Comparison of DEseq vs. Limma(log2 data)

plot(exprs_breaks, csg_DESeq2,
     type = "l",
     col = "red",
     xaxt="n",
     xlab = "log10 expression",
     ylab = paste0("Cumulative significant genes (FDR < ", min.fdr, ")"),
     main = "Cumulative significant genes by log10 count")
lines(exprs_breaks, csg_limma, type = "l", col = "green")
labels <- sapply(1:5,function(i) as.expression(bquote(10^ .(i))))
axis(1,at=1:5,labels=labels)
legend("bottomright", c("DEseq2",  "limma"), col=c("red",  "green"), lwd=10)

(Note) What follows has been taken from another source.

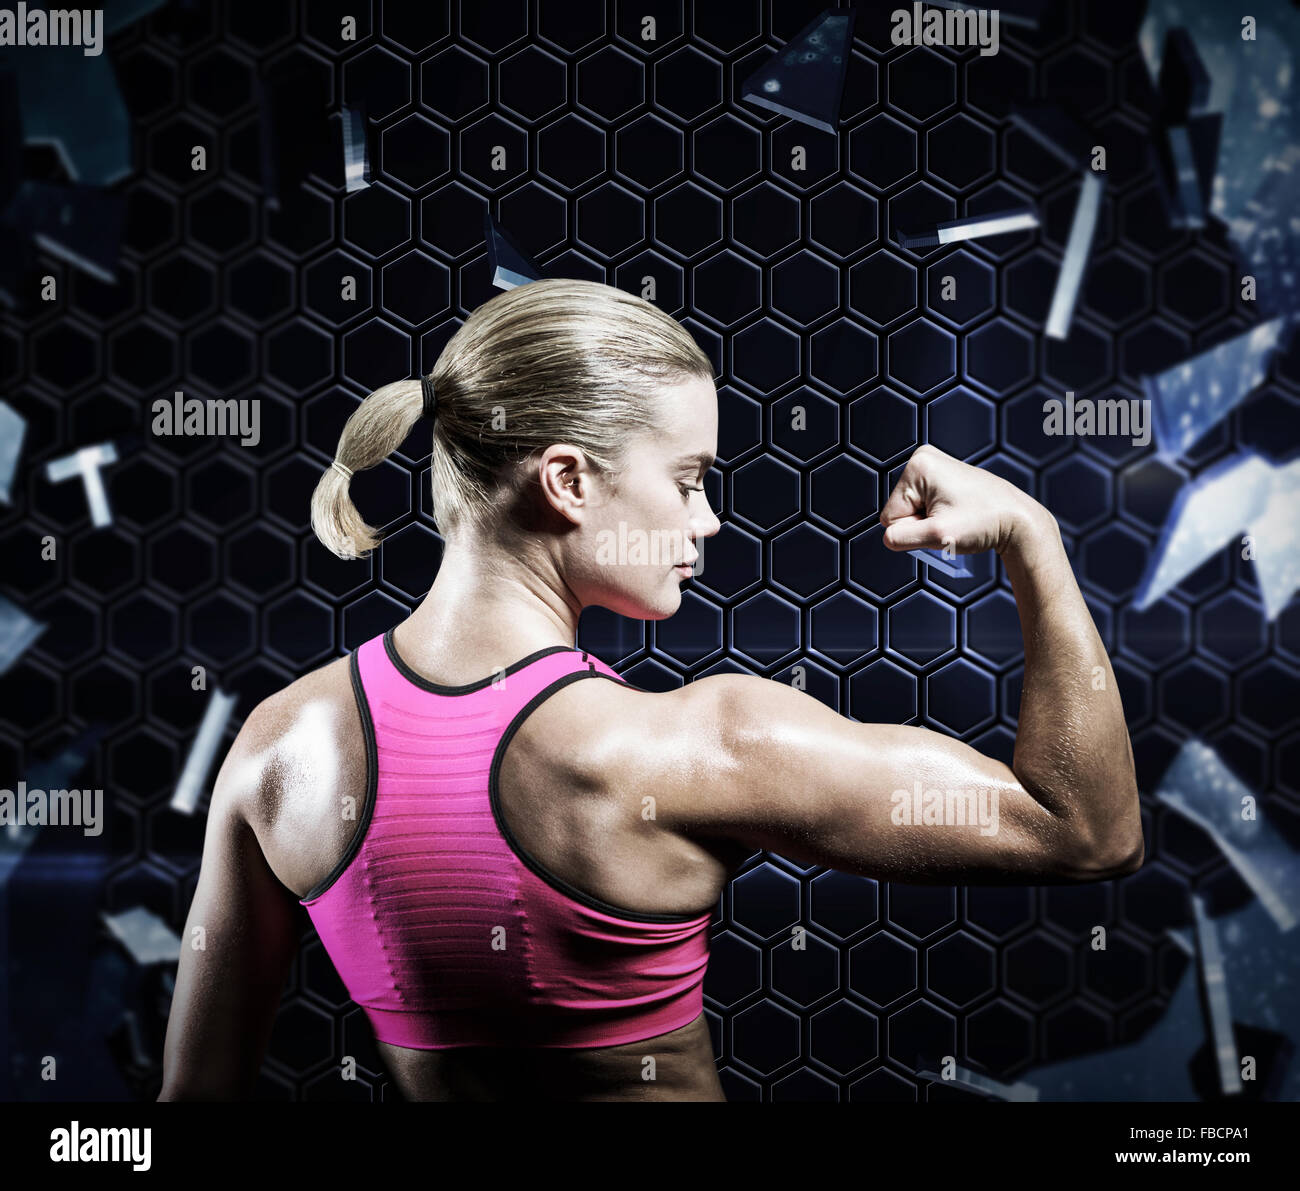 Muscular woman flexing her arm Stock Photo - Alamy

plot(exprs_breaks, csg_DESeq2/max(csg_DESeq2),
     type = "l",
     col = "red",
     xaxt="n",
     xlab = "log10 expression",
     ylab = paste0("Cumulative proportion of significant genes (fdr < ", min.fdr, ")"),
     main = "Cumulative proportion of significant genes by log10 count")
lines(exprs_breaks, csg_limma/max(csg_limma), type = "l", col = "green")
labels <- sapply(1:5,function(i) as.expression(bquote(10^ .(i))))
axis(1,at=1:5,labels=labels)
legend("right", c("DEseq2",  "limma"), col=c("red",  "green"), lwd=10)

## histogram of proportion of sig genes by mean expression
hist(subset(res_summary, deseq2_padj < min.fdr)[, "mean_exprs"], freq=FALSE,
     col=rgb(1,0,0,1/4), xlab = "log10 expression",
     ylab = paste0("number of sig. genes (fdr < ", min.fdr, ")"),
     main = "Proportion of number of significant genes by log10 count", xaxt = "n")
hist(subset(res_summary, limma_padj < min.fdr)[, "mean_exprs"],freq=FALSE,
     col=rgb(1,1,0,1/4), add = T)
labels <- sapply( 1:5, function(i) as.expression(bquote(10^ .(i))) )
axis(1,at=1:5,labels=labels)
box()
legend("topright", c("DEseq2", "limma"), col=c(rgb(1,0,0,1/4),rgb(1,1,0,1/4)), lwd=10)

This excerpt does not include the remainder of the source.